Pazarda rekabetin gittikçe artması farklılaşmayı gerektirmiştir. Farklılaşan ve kişiselleşen markalar daha kolay bir şekilde tüketiciye ulaşmıştırlar ve daha verimli ilişkiler kurmaktadırlar. Bu şekilde karşılıklı fayda sağlanan mutualist bir yapı kurulmuştur. Müşteri ile marka arasında bu şekilde kolektif bir topluluk oluşmuştur. Marka topluluklarının doğuşu bu şekilde olmuş ve müşteriler sosyalleşmeye başlamışlardır. Teknolojinin gelişmesiyle birlikte pazarlama ve iletişim faaliyetlerindeki geleneksel yaklaşımlar değişiklik yaşamıştır.

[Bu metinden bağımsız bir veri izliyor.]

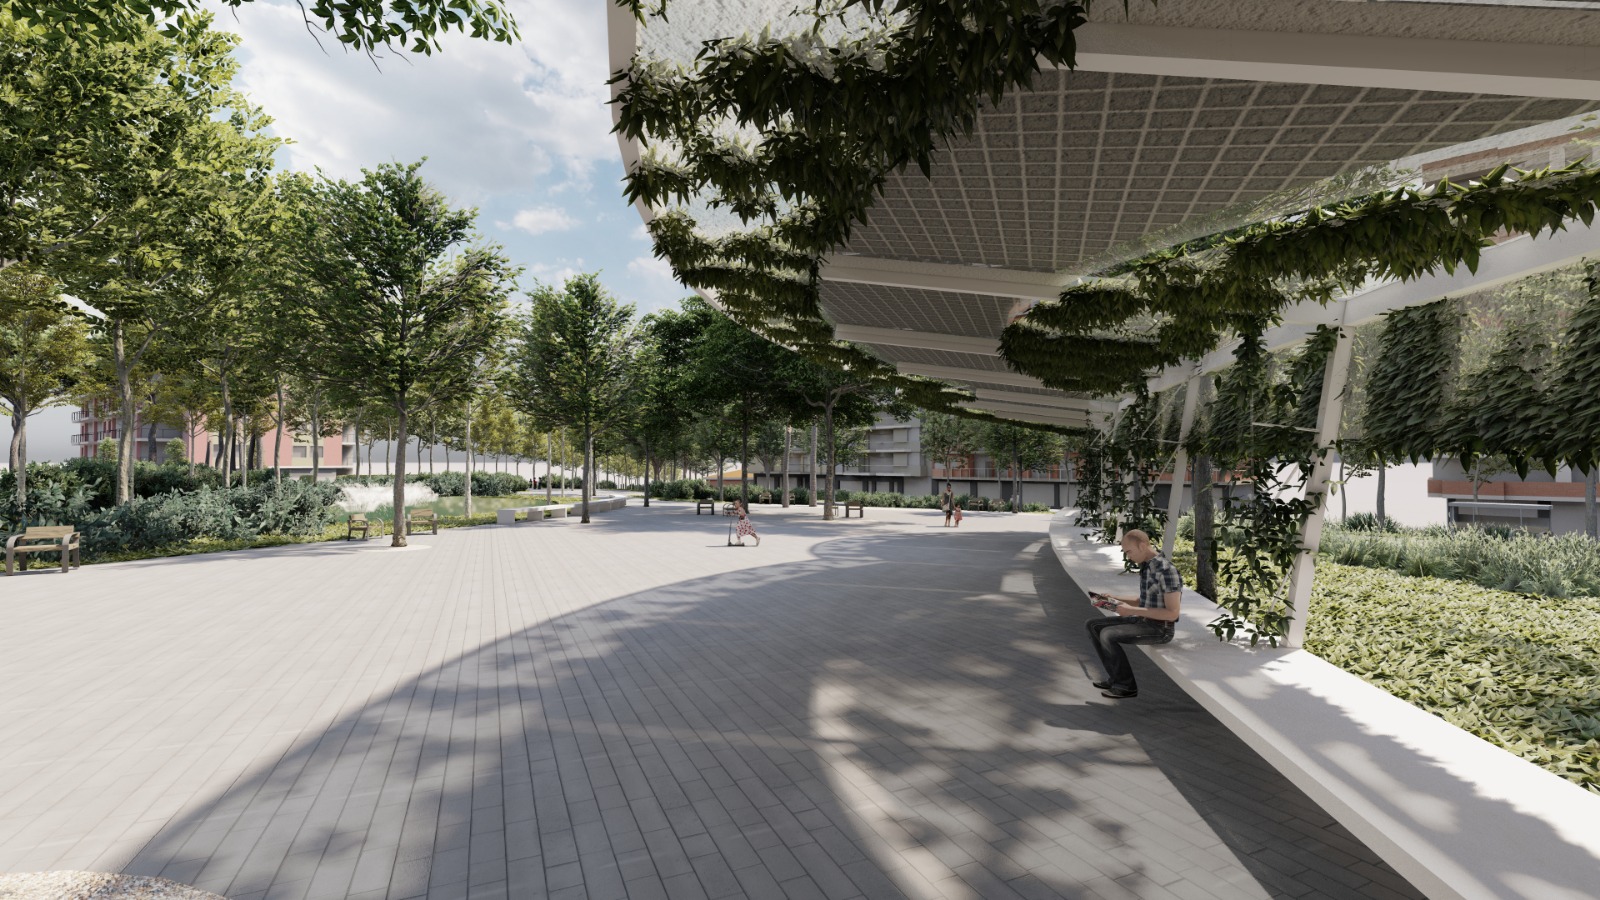 Avenida Eramprunyà y plaza Catalunya tendrán una movilidad más segura, fluida y sostenible y se convertirán en un espacio más amable y más verde
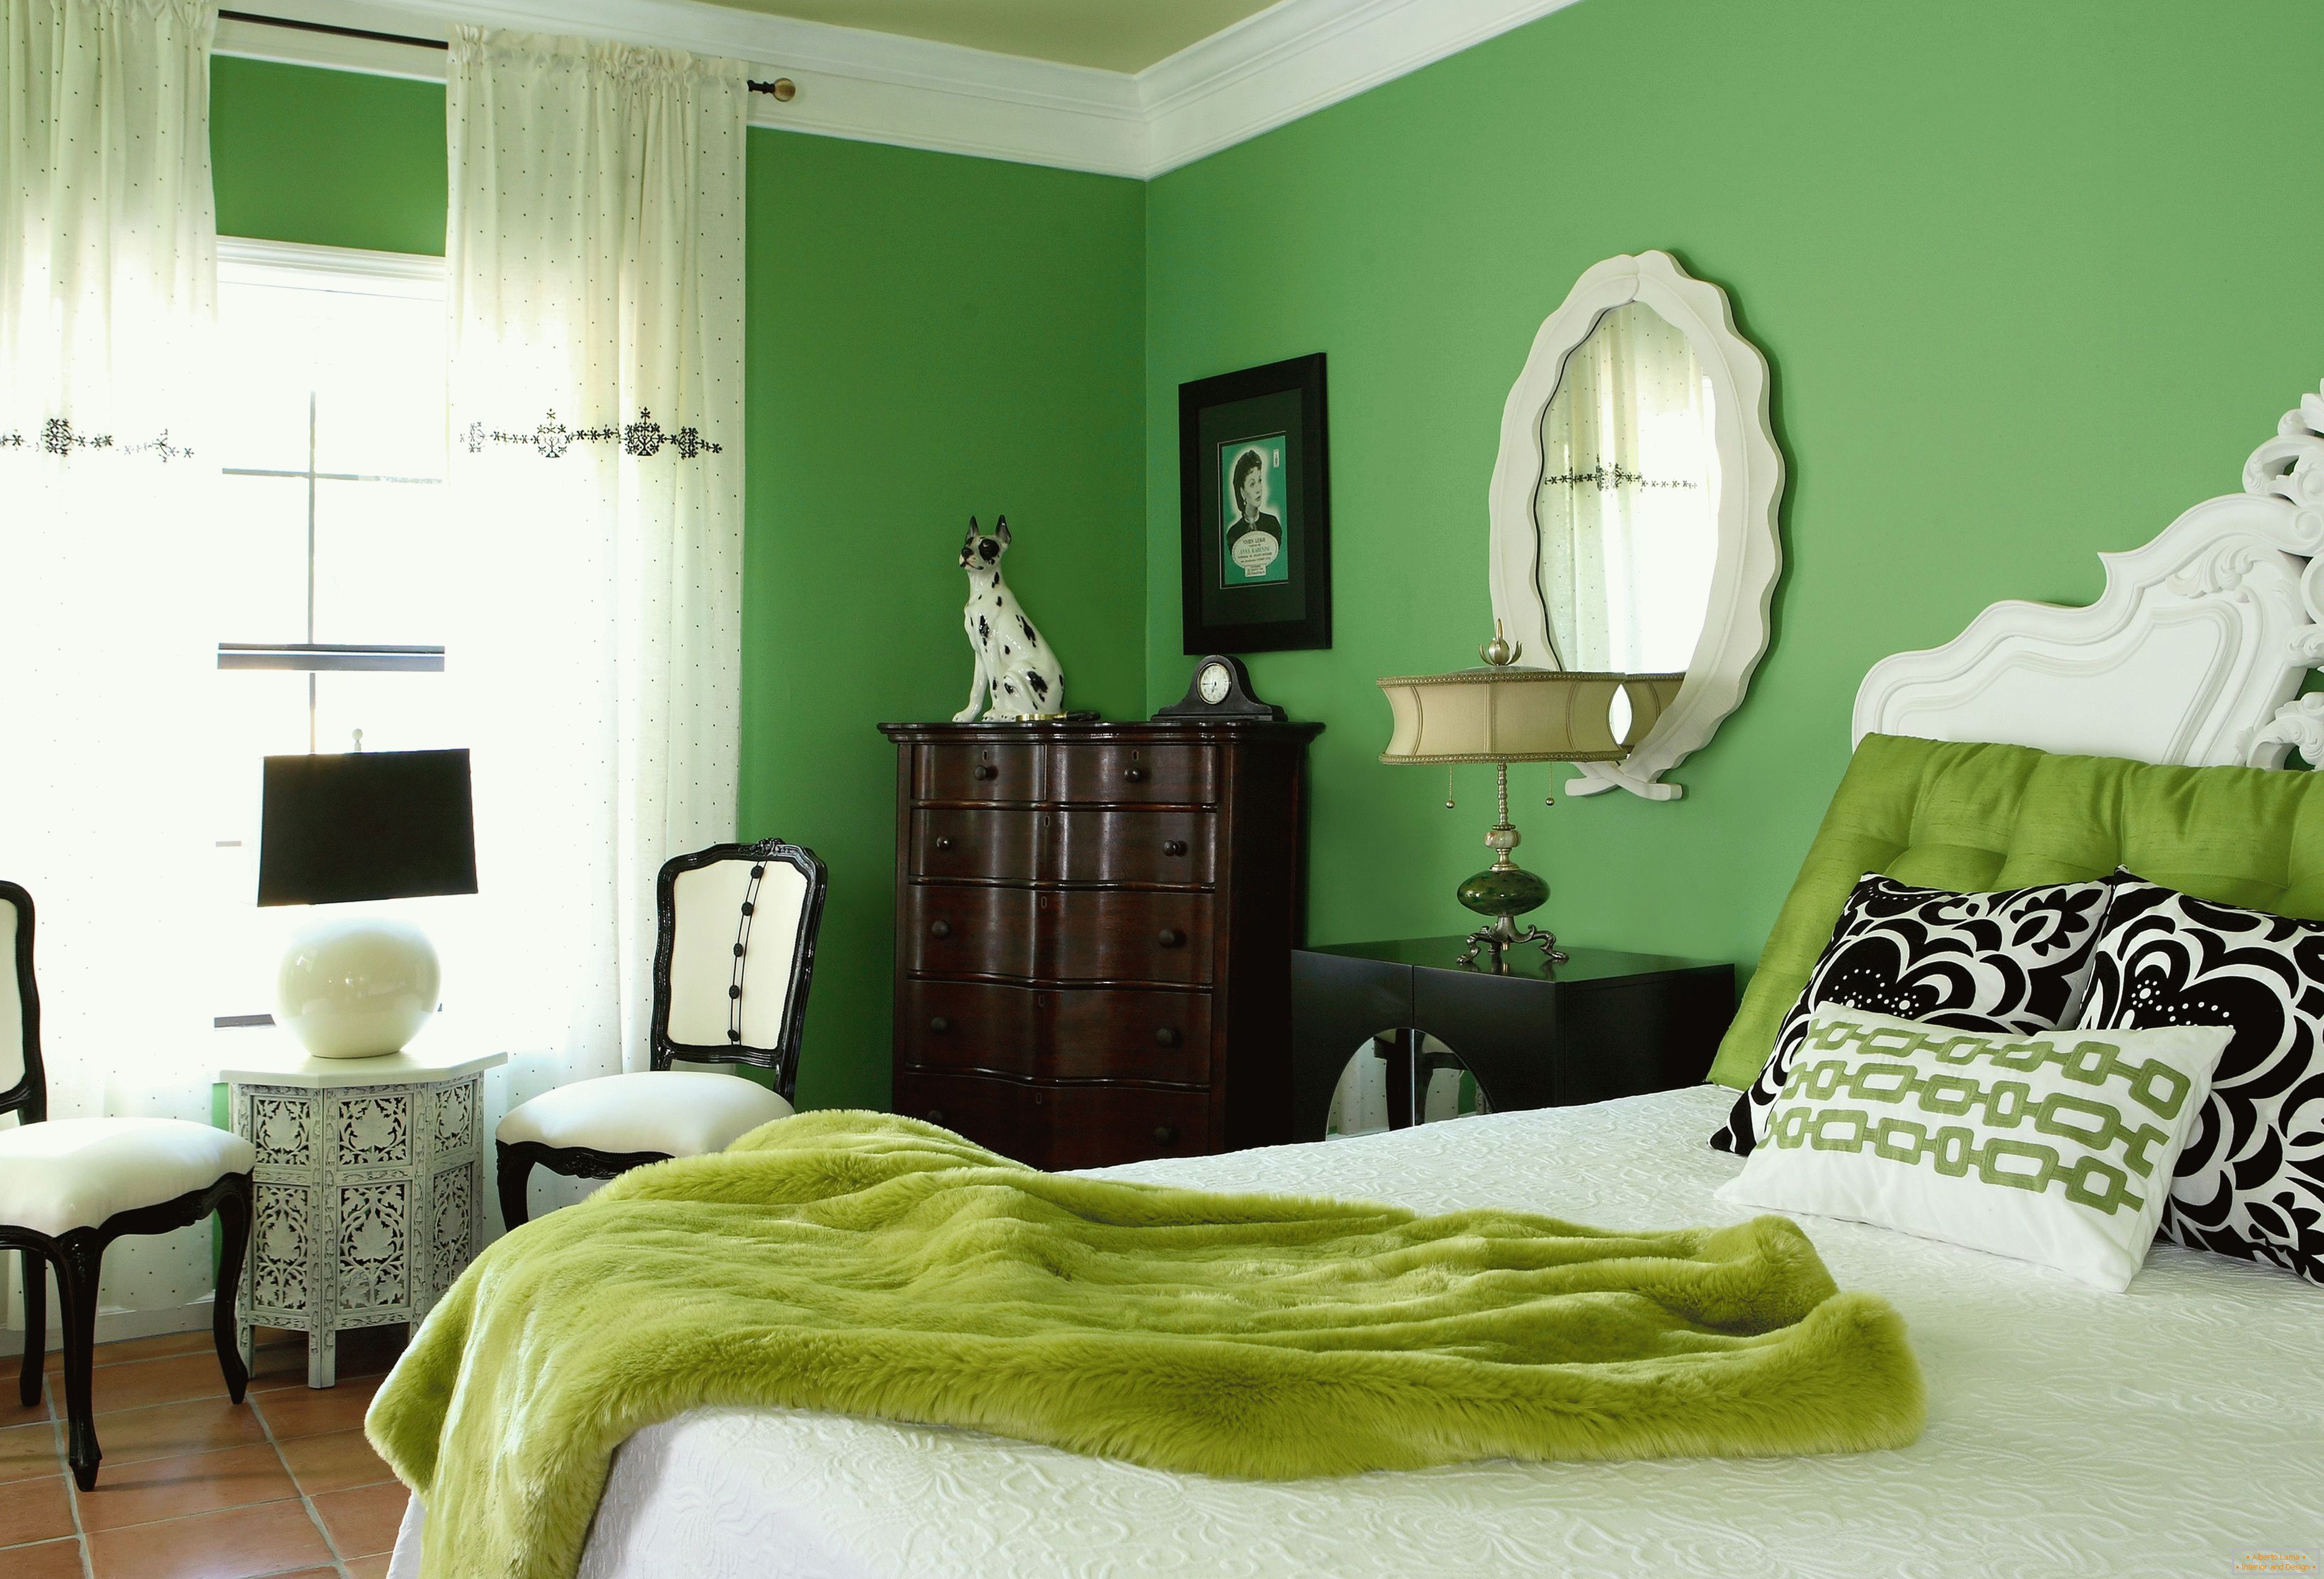 Dormitorio en colores verdes

Reklam kampanyalarının tek yönlü yapılması daha az etki göstermeye başlamıştır. İnternet ve cep telefonunda yaşanan hızlı gelişmeler sonucunda sosyal medyaya erişimin kolaylaşması, insanların kolayca birbirine bağlanabilmesini sağlayarak yoğun bir etkileşim yaratılmıştır. Markalar ise bu etkileşimlerden yararlanmak istemiş ve tüketiciyle yakın ilişkiler kurmak ve marka bağlılığını arttırmak için topluluklar oluşturmuşlardır (Bilgen, 2016).

1995’te Minnesota’da yapılan bir tüketici araştırmaları seminerinde “marka toplulukları” kavramından ilk kez bahsedilmiştir. Muniz ve O’Guinn (2001), marka topluluklarını şu şekilde tanımlamışlardır: “Özellik kazanmış, coğrafi bir sınırı olmayan, bir markanın hayranlarının oluşturduğu sosyal ilişkiler bütünüdür.”

26

Marka toplulukları, yalnızca müşterilerin oluşturduğu bir kalabalık olarak algılanmamalıdır. İşlevsel olması ve marka yararı sağlamasının yanında marka toplulukları, müşterilerin ortak bir kimliğe sahip olmalarını sağlamakta ve onlara markaya ilişkin bir aidiyet duygusu aşılamaktadır (Varnalı, 2017).